Where probationary, initial, trial, introductory, or provisional periods can come in handy with respect to UI claims is in the area of chargeback liability. The key is in whether the employer is a base period employer. That, in turn, depends upon the timing of the initial claim with respect to whatever period of employment the claimant had with the employer. Basically, if the claimant worked a relatively short period of time with the company, and filed the initial claim fairly soon after losing that short period of employment, the employer might not be a base period employer at all, meaning that it will have no potential chargeback or reimbursement liability if the claimant draws benefits. This subject is fully explained in the topics “Date of the Initial Claim” and “Length of Time Worked Prior to the Initial Claim” in the article “How Do Unemployment Claims Affect an Employer?” in part IV of this book. Below is a chart showing what the base period of a UI claim looks like:
|Lag Quarter||Quarter In Progress When
Claim Is Filed
|Included||Included||Included||Included||Not Included||Not Included|
As an example, if an employer hires an employee in February, and lets the employee go after 30 days, and the claimant files an initial claim prior to April 1, then the base period would not include the first quarter of that year (the quarter in progress), nor the fourth quarter of the preceding year (the lag quarter), but would consist of the fourth quarter of the year before the year preceding the current year, and the first three quarters of the year preceding the current year. Since the employer did not report wages during that base period, it will have no financial involvement in the claim. The same would apply if the claimant waited until April, May, or June to file the initial claim - in that case, the base period would omit the second quarter of the current year, the first quarter of the current year, and consist of the four quarters of the preceding year. If the ex-employee files an initial claim after June 30 of the current year, then the employer could be a base period employer, but its chargeback liability would be limited due to having paid only 30 days' worth of wages.
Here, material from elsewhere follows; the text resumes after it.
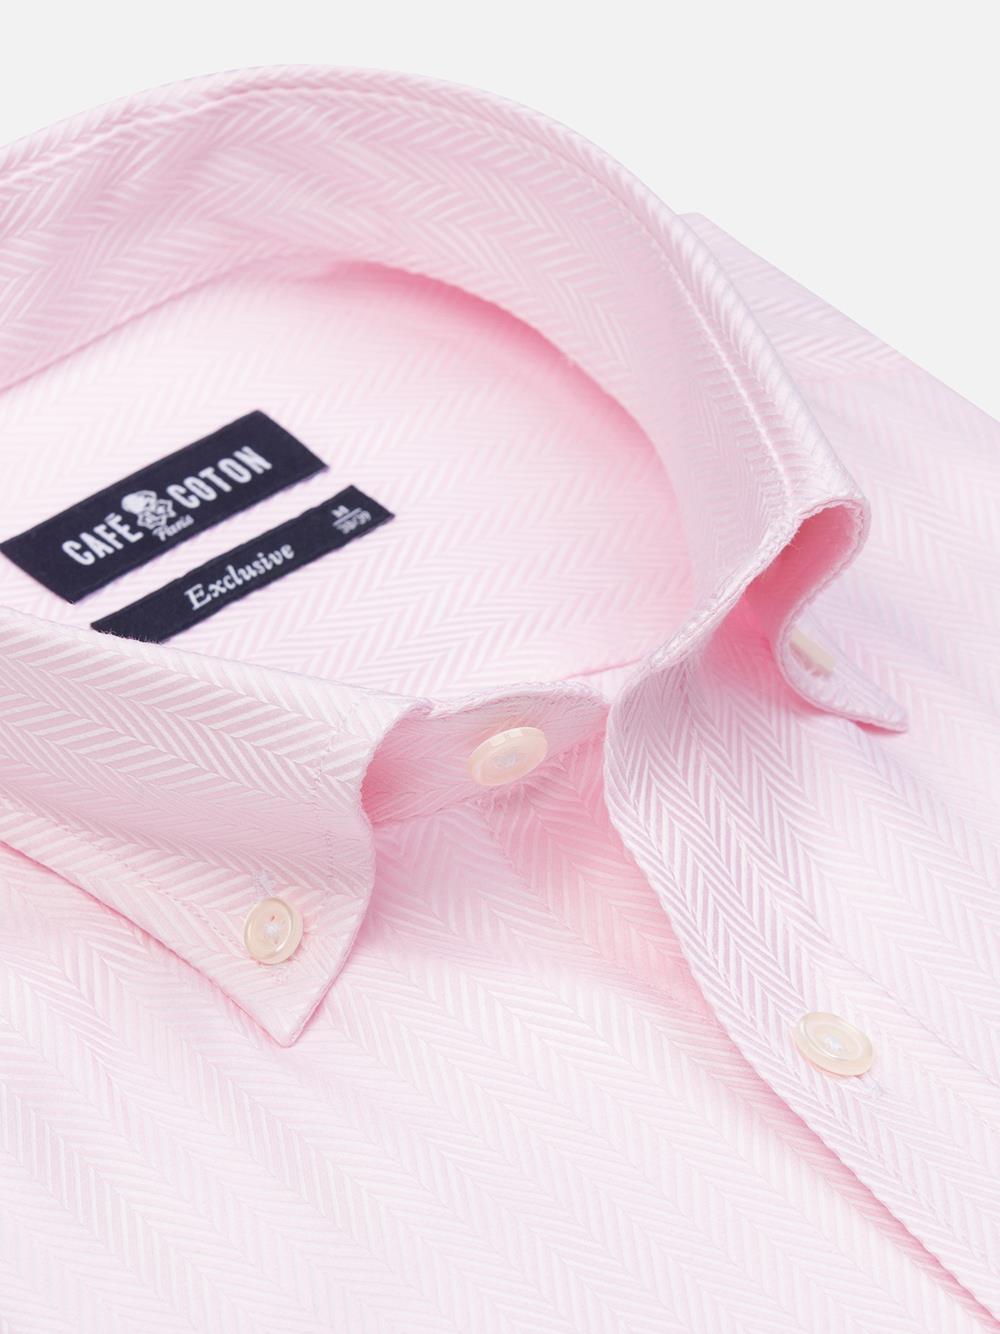 Roze overhemd visgraat  - Button-down kraag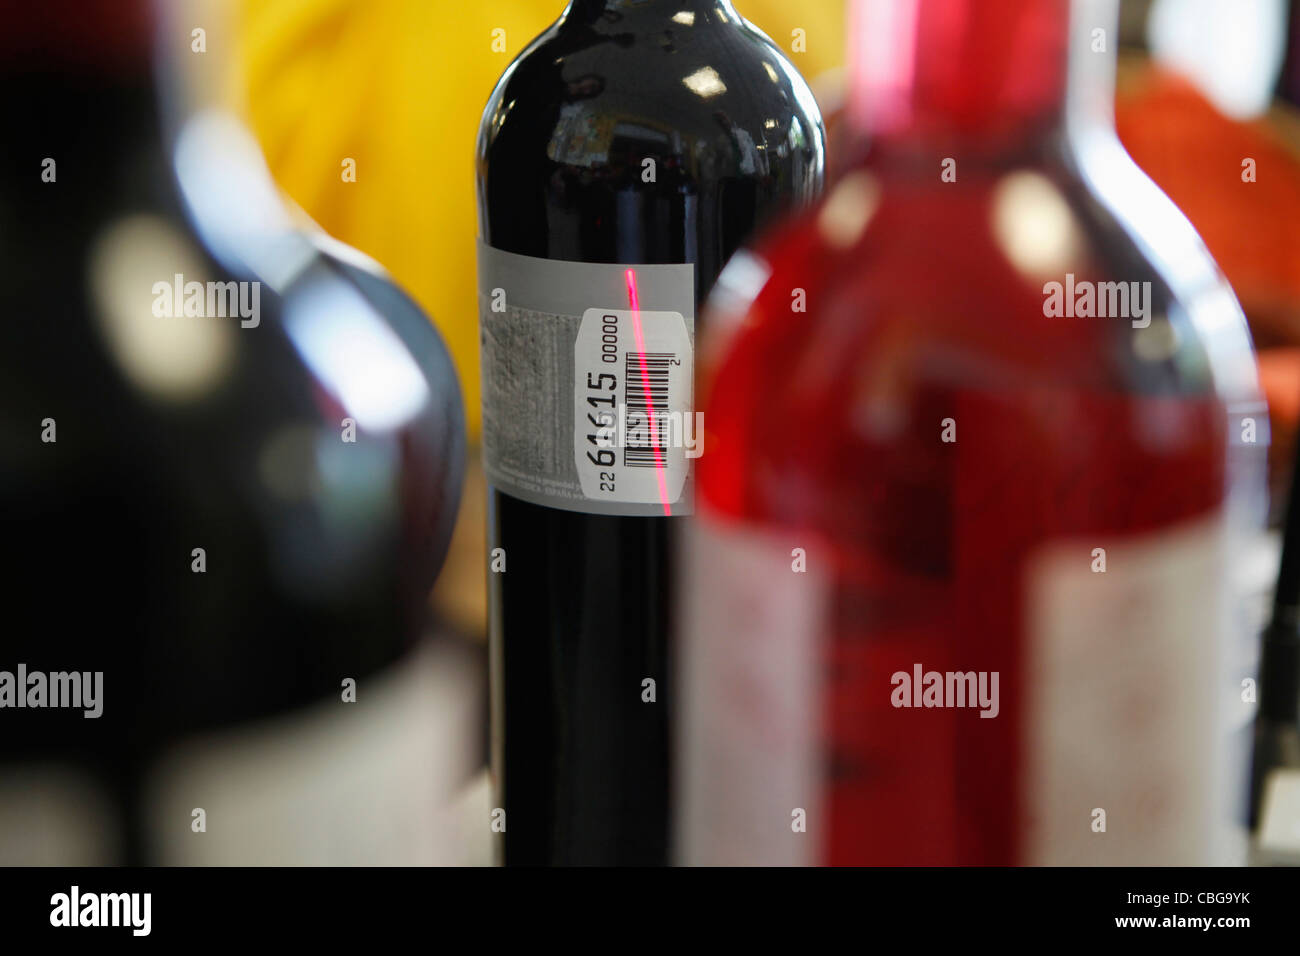 Botella de vino escaneados Foto de stock

Observing a probationary period has elements of both benefit and risk. The risk lies in misunderstandings and false expectations that employees can develop unless the employer carefully explains what is entailed. The benefits are that using such a period can make it psychologically easier to discharge an employee who is not a good fit for the job or the company, and can help an employer limit its potential chargeback liability in an unemployment claim. No matter what, using probationary periods does not relieve an employer of its responsibility to properly manage new employees and their expectations.